The memo allows a degree of flexibility in certain areas, such as “to account for the realities and unpredictability of starting a business venture,” although it cautions that this is not an “open-ended allowance.” The memo notes, for example, that the EB-5 program allows an immigrant investor to become a lawful permanent resident, without conditions, if he or she has established a new commercial enterprise, substantially met the capital requirement, and can be expected to create within a reasonable time the required number of jobs. All of the goals of capital investment and job creation need not have been fully realized before the conditions on the immigrant investor’s status have been removed. Rather, the memo states, the regulations require the submission of documentary evidence that establishes that it is more likely than not that the investor is in “substantial” compliance with the capital requirements and that the jobs will be created “within a reasonable time.”

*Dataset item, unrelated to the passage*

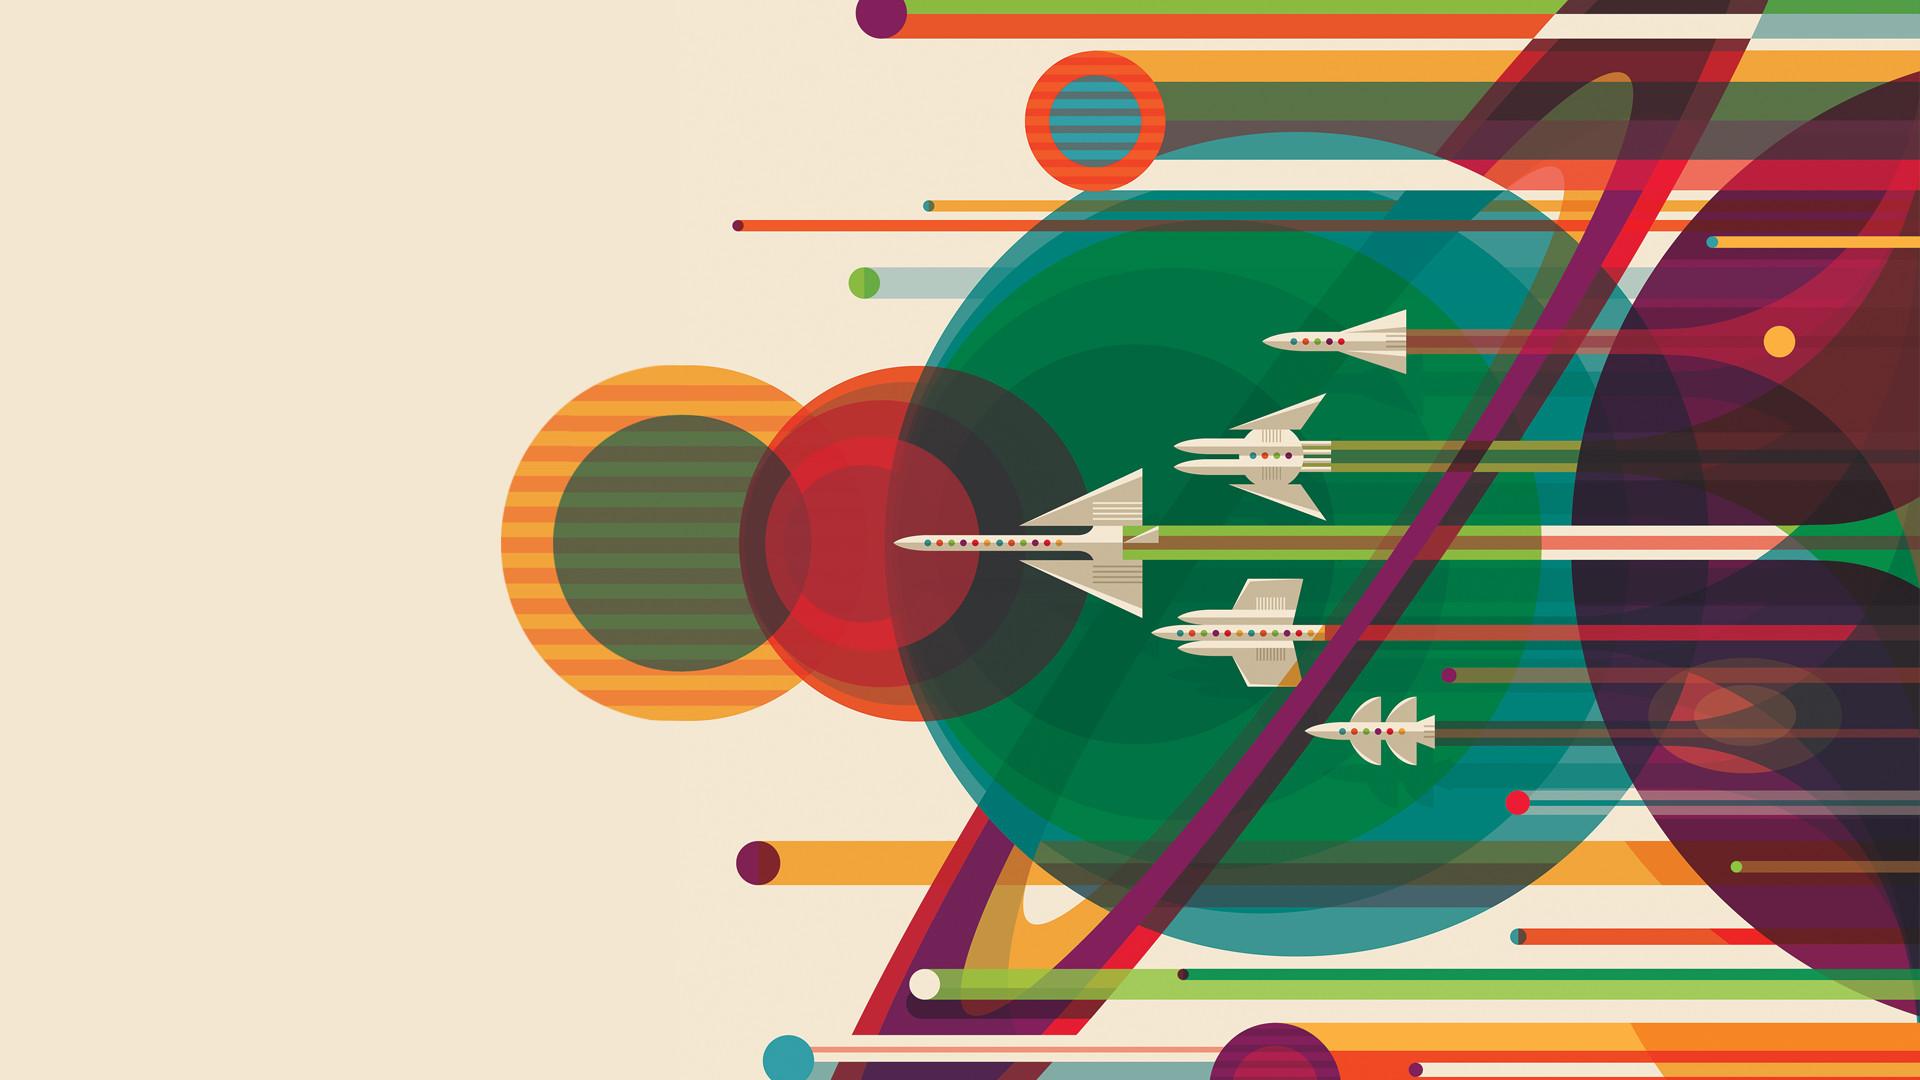 NASA's 'Great Tour' Poster as a Wallpaper!

USCIS has some latitude in interpreting what constitutes “within a reasonable time,” the memo notes, adding that the regulations require that the business plan submitted with the Form I-526, Immigrant Petition by Alien Entrepreneur, establish a likelihood of job creation “within the next two years.” Because the law contemplates two years as the baseline expected period in which job creation will take place, the memo explains, jobs that will be created within a year of the two-year anniversary of the immigrant’s admission as a conditional permanent resident or adjustment to conditional permanent resident status may generally be considered to be created within a reasonable period of time. Jobs projected to be created beyond that time horizon “usually will not be considered to be created within a reasonable time, unless extreme circumstances, such as force majeure, are presented,” the memo warns.
Following the theme of flexibility with limits, the memo acknowledges that business strategies “constantly evolve.” Therefore, the Form I-924, Application for Regional Center, provides a list of acceptable amendments, including “changes to organizational structure or administration, capital investment projects (including changes in the economic analysis and underlying business plan used to estimate job creation for previously approved investment opportunities), and an affiliated commercial enterprise’s organizational structure, capital investment instruments or offering memoranda.” The memo notes, however, that such formal amendments to the regional center designation are not required when a regional center changes its industries of focus, geographic boundaries, business plans, or economic methodologies, unless the regional center elects to pursue an amendment because it seeks certainty in advance of adjudication.
The memo also notes that unless there is reason to believe that a prior adjudication involved an objective mistake of fact or law, USCIS should not reexamine determinations made earlier in the EB-5 process. Absent a material change in facts, fraud, or willful misrepresentation, the memo states, USCIS should not re-adjudicate prior USCIS determinations that are subjective, such as whether the business plan is comprehensive and credible or whether an economic methodology estimating job creation is reasonable.
Other topics the memo discusses include targeted employment areas; new commercial enterprises; purchases of existing businesses that are restructured or reorganized; expansion of existing businesses; pooled investments in non-regional center cases; evidence of the establishment of, or investment in, a new commercial enterprise; job creation; qualifying employees; the sequence of individual investor filings; business plans; and the impact of “material changes” to a project.